What were you listening to when you wrote the book?

I still have the playlist. Some Brian Eno. I like the albums he did with Harold Budd. Alva Noto, some of his darker tunes. A lot of minimalistic ambient things. Aphex Twin. This is when I was painting. But when I write, I might have something else, like songs no one would know outside of Sweden, to get in the mood of the culture. One of these songs is used in the first episode, though this is a coincidence, I had nothing to do with it.

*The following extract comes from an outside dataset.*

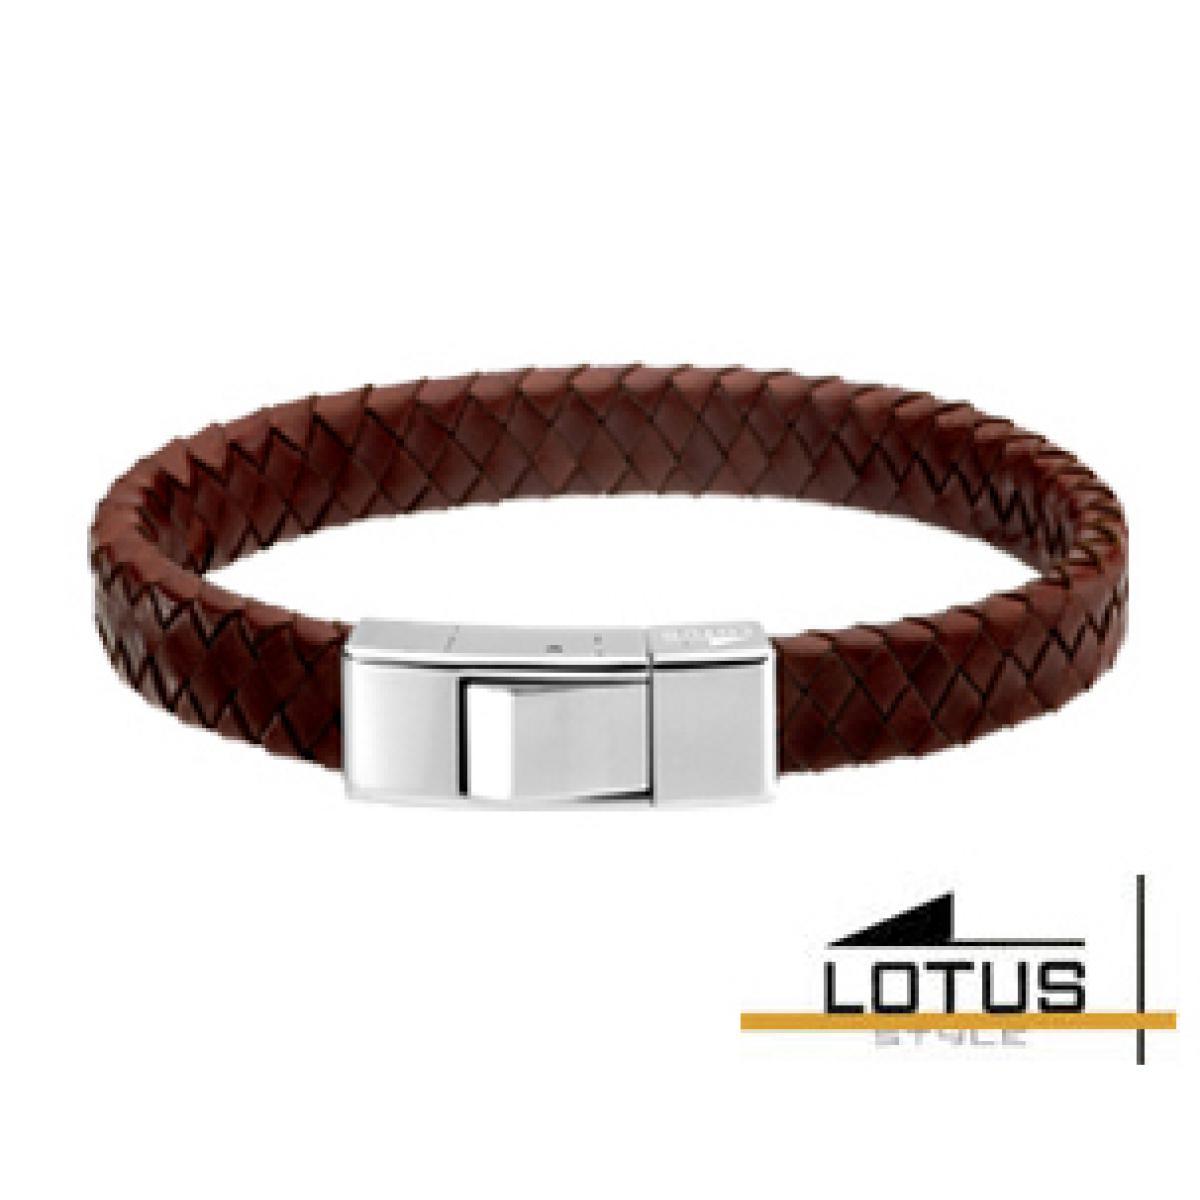 Bracelet Lotus Style - ls1122-2-3 - Modalova

It was much darker, what I was listening to. Everything was much darker. Nathaniel avoided going into the darker areas of the book. There’s more (David) Cronenberg in my book, stuff like tentacle monsters, which go well visually and technically with the setting in my book, but it’s hard to imagine it happening in the show now. But I would love to see it going that way in the second season.

Have you had any other brushes with film?

This is the only one. We are working on a feature film adaptation of my third book, The Electric State. It’s in development. I did paint background for an animation studio 10 years ago. And I did video games and stuff like that.

I have always been into films but never thought I would get the chance to make them. I am very eager to see what I can learn. To me, all my pictures are kind of moving, it’s just that I choose one frame.

You mentioned Cronenberg. Is he an influence?

The Electric State is very Cronenbergian. I think his work is always there in the back of my head. It’s horror but it has a mundane quality. Stephen King is also someone that fascinates me, horror with an everyday setting, things like The Mist and The Raft.